Potent cytotoxicity, weak neurotoxic and myotoxic activity, mild procoagulant activity and also phospholipase activity are present in HNV venom. There is an study (Maduwage K, 2011/2012) comparing the venom of the three subspecies of Hypnale which are common in Sri Lanka. The results suggest that the venom of Hypnale Hypnale is more toxic compared to the other two species. 


DIAGNOSIS:
Identification of the snake by medical personnel viewing the dead snake or a photograph is the commonest means of diagnosing Hypnale snakebite.

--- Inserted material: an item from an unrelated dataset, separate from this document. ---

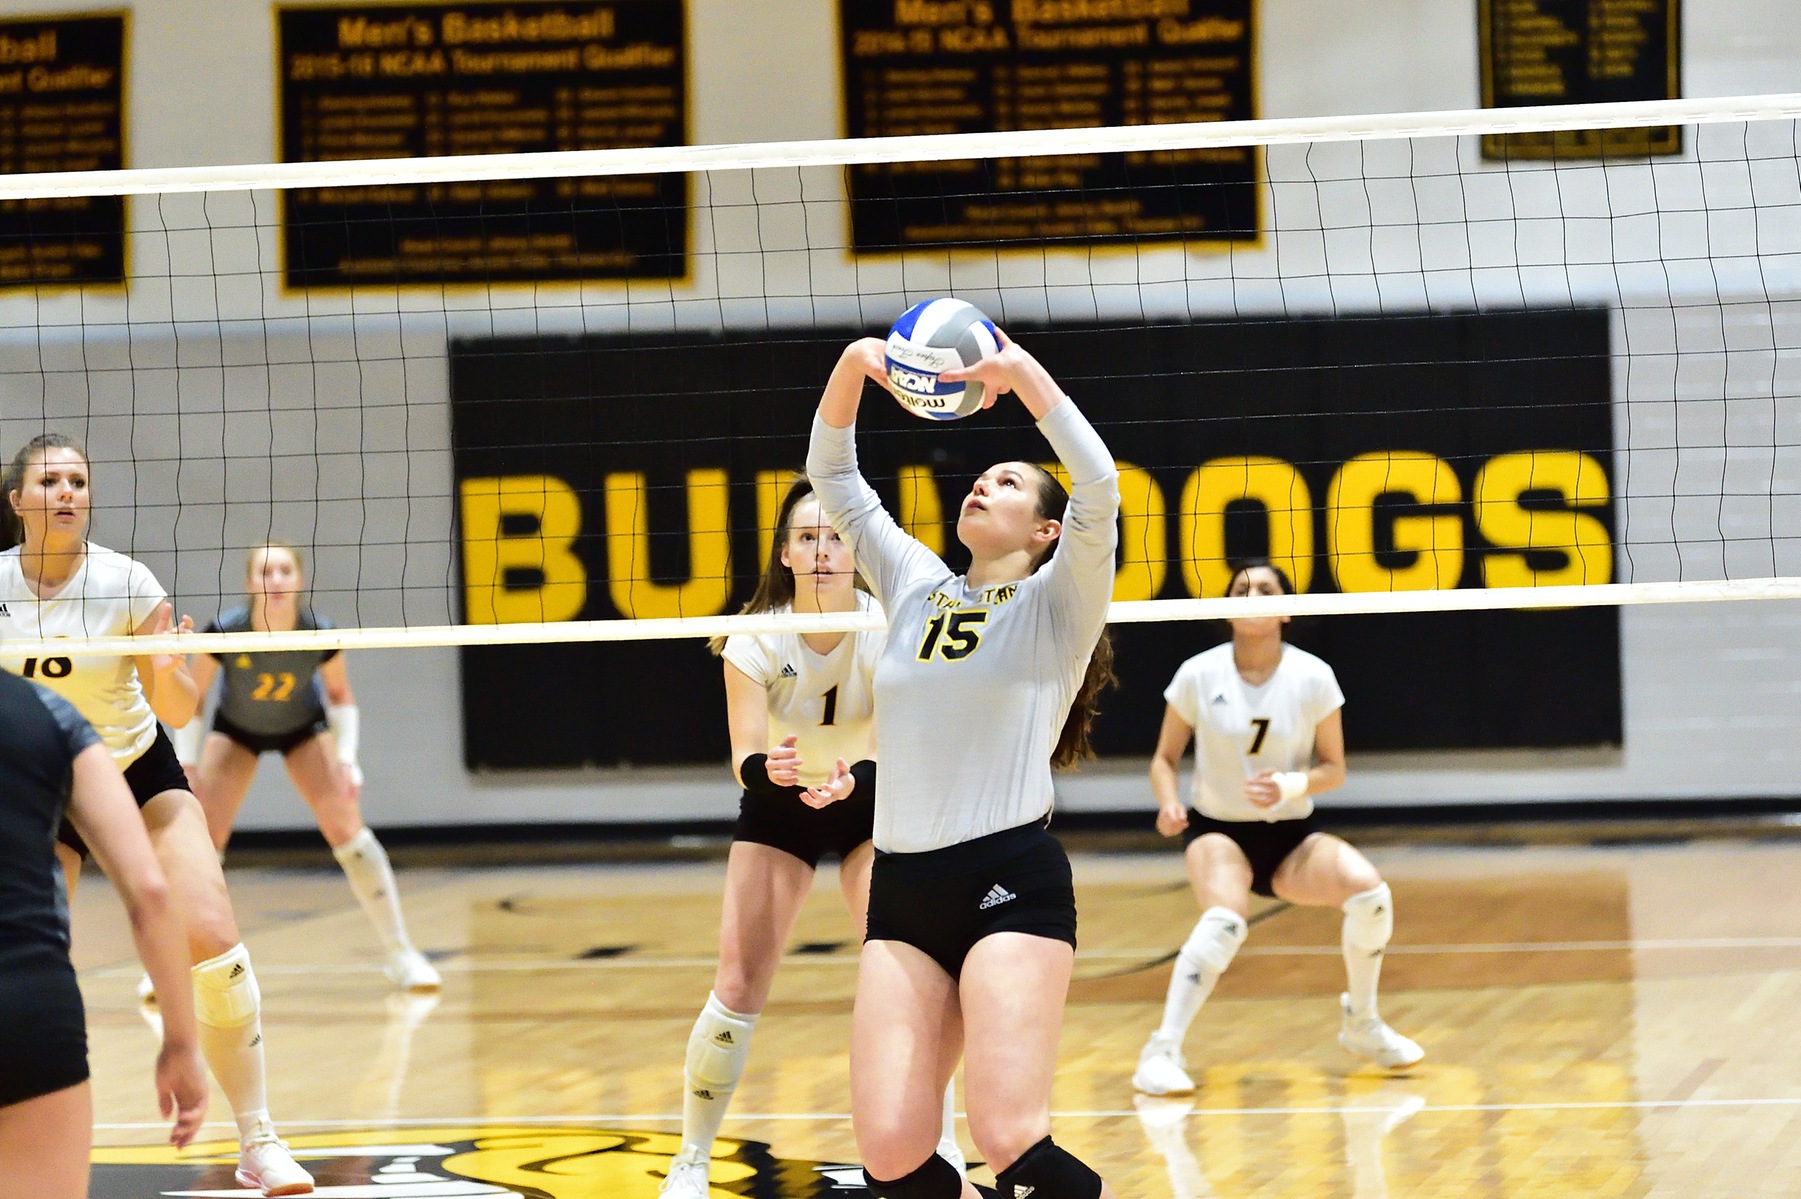 All-SCAC Volleyball Duo Leads Pirates Past Texas Lutheran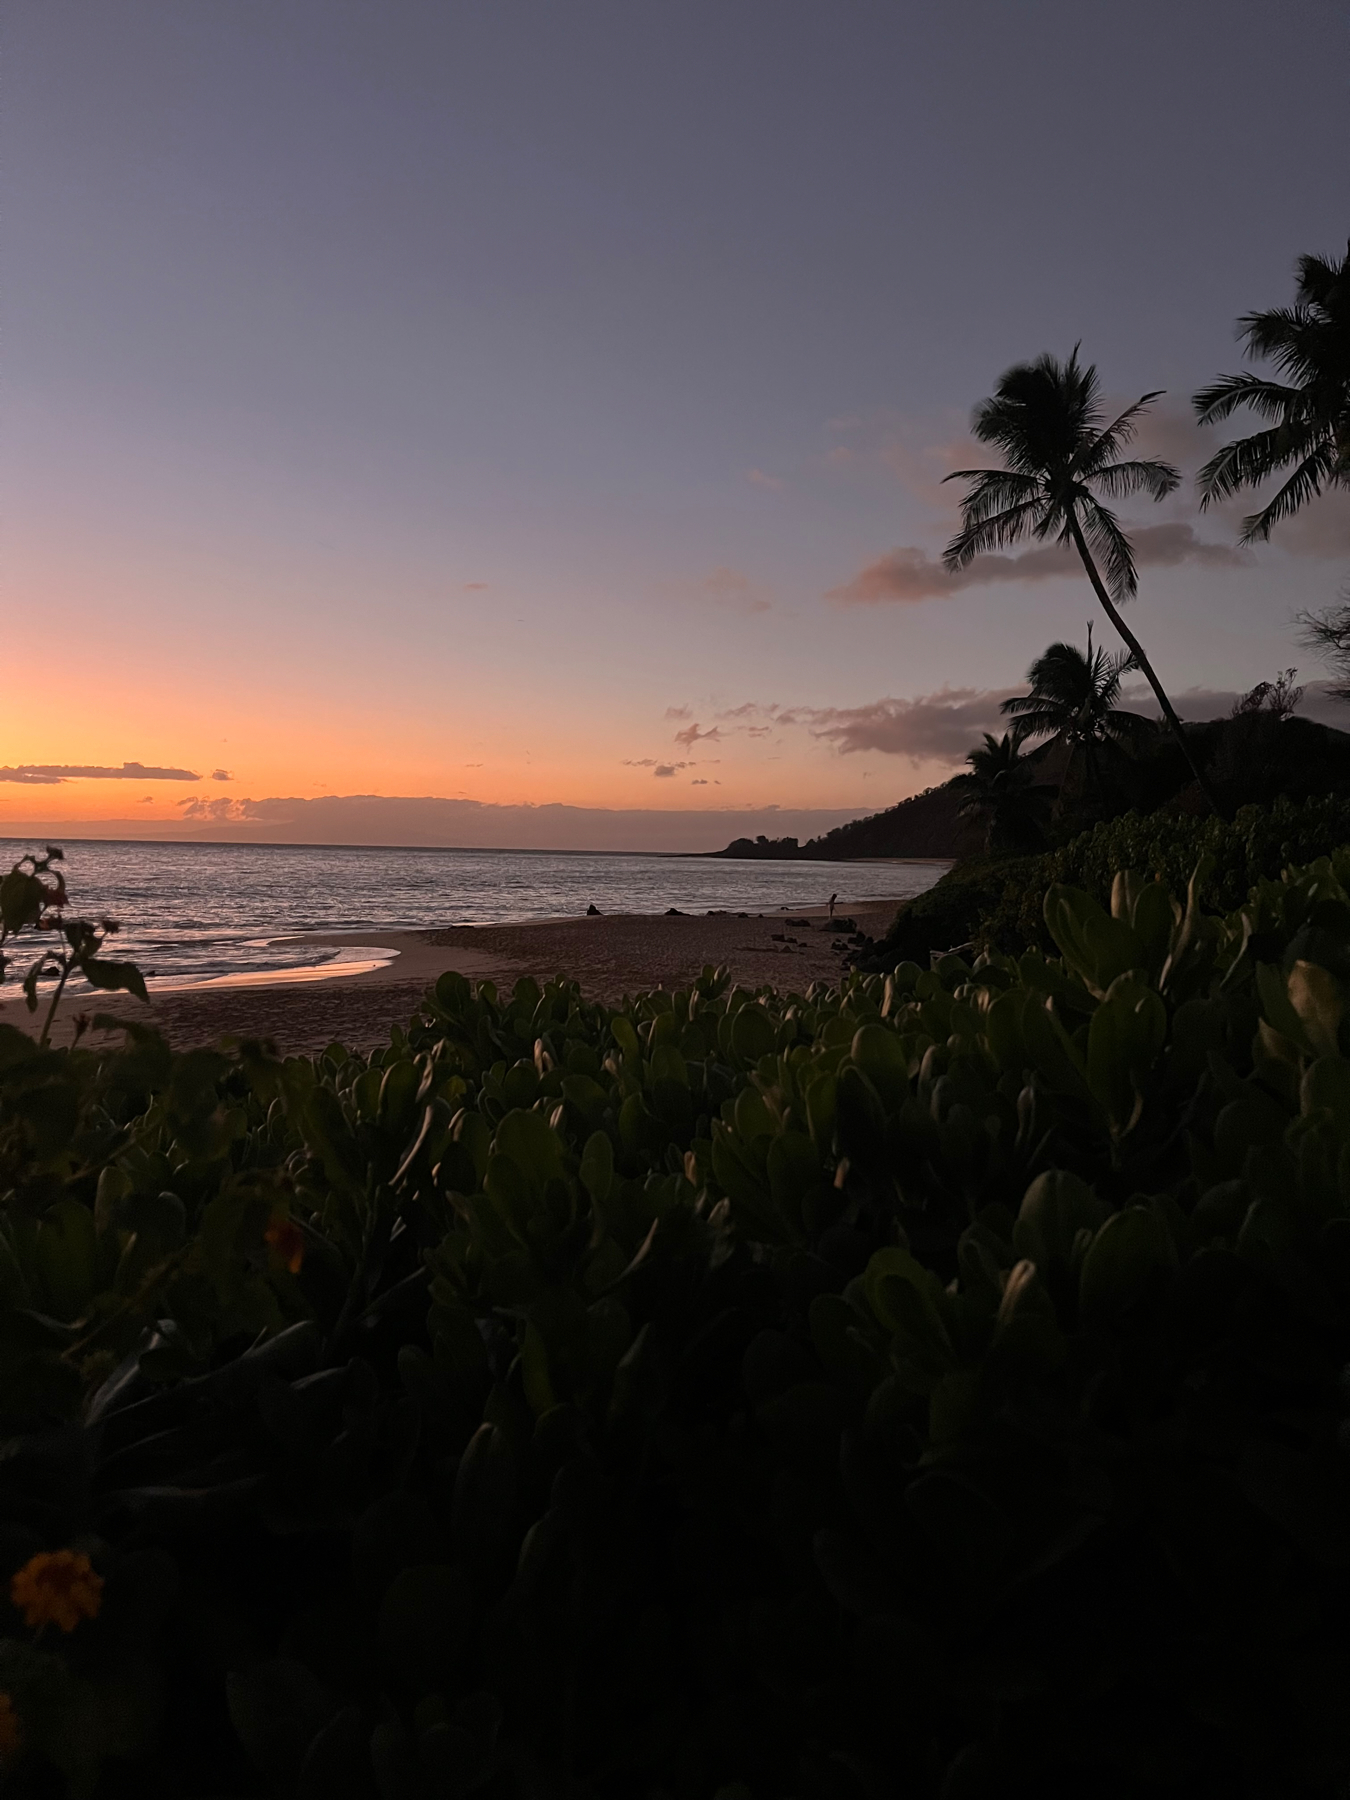 Sunset at a beach with silhouettes of palm trees, a colorful sky, and green bush in the foreground.

Misidentification commonly occurs between Russell's viper and the saw-scaled viper. Where the snake is unidentified, it is useful to diagnosed bases on key clinical features favoring HNPV like: local envenoming, incoagulable blood and renal failure; however, these are also provoked by Russell's viper. 
(At present, there is no diagnostic kit for specific identification of Hypnale envenomation. Whole Blood clotting test is used to diagnose and monitor coagulopathy)

ENVENOMING:
Local effects (90% patients):
  • Local pain, swelling, induration, local hemorrhagic blister formation, local bleeding, local necrosis, need for amputation and skin grafting, and regional lymphadenopathy have all been reported
Systemic envenoming:
  • Coagulopathy:
    • Oozing of blood from the site of the bite.
    • Prolonged clotting time
    • Low fibrinogen
    • Increase of fibrinogen degradation products (FDP) / D-Dimer, in plasma 
    • Venom induced consumptive coagulopathy triad:
      • Microangiopathic hemolytic anemia with 
      • thrombocytopenia and 
      • acute Kidney Injury.
  • Renal toxocity, often requiring dialysis, and evolving to chronic renal failure requiring renal replacement therapy. Main cause of death after Hypnale snakebite. 
    • acute kidney injury, i.e., oliguria, dark urine, fluid retention, uremia and elevated serum creatinine. 
    • Thrombotic microangiopathy
      • microangiopathic hemolytic anemia (MAHA), 
      • thrombocytopenia and 
      • severe anemia necessitating multiple blood transfusions, 
  • Neurological effects: not described.
  • Heart: Transitory ECG changes, possibly related to electrolyte imbalance, and hemodynamic instability.
  • Pulmonary effects: pulmonary edema has been documented.
  • Gastrointestinal and liver effects: Nausea, vomiting, abdominal pain, hematemesis. Hepatic dysfunction non described.
TREATMENT:
Mainly symptomatic and supportive

General: 
Antibiotics and Tetanus toxoid.

Local:  
Analgesics, splinting of the bitten limb, wound care, and surgical management including skin grafting constitute the common approach employed against local envenoming. In rare cases, amputation may be needed.

Systemic envenomation: 
Features of systemic envenoming are treated with supportive care. 
Renal replacement therapy is the mainstay of management of acute renal impairment, and may become necessary if chronic kidney disease occurs consequently.
Optimized administration of blood components, correction of coagulopathy, and plasma exchange may be required when hematologic derangements occur. 
No clear trial based evidence is available showing benefit of these interventions. There are no specific protocols for managing envenoming following HNV bite, and standard guidelines for snakebite management are followed. 

ANTIVENOM:
No specific or polyvalent antivenom is available yet for human use in HNV envenoming [39]. The currently used polyvalent antivenom is ineffective in the treatment of HNV envenomation, and is associated with a high incidence of reactions. 
The monovalent Calloselasma rhodostoma antivenom also is also capable of neutralizing the lethality and toxic activities of the venom, but its potency was lower .

CONCLUSIONS:
Formerly thought to result only in local envenoming, HNV bite can result in serious sequelae including death. Acute kidney injury and hematological manifestations are the predominant serious effects. Clinically significant neurotoxicity or cardiotoxicity does not occur. There are two key areas for future research: firstly, identification of clinical parameters and biochemical tests for early identification of systemic envenoming, i.e., early detection of coagulopathy and nephrotoxicity; secondly, the development of an efficacious specific antivenom for routine use.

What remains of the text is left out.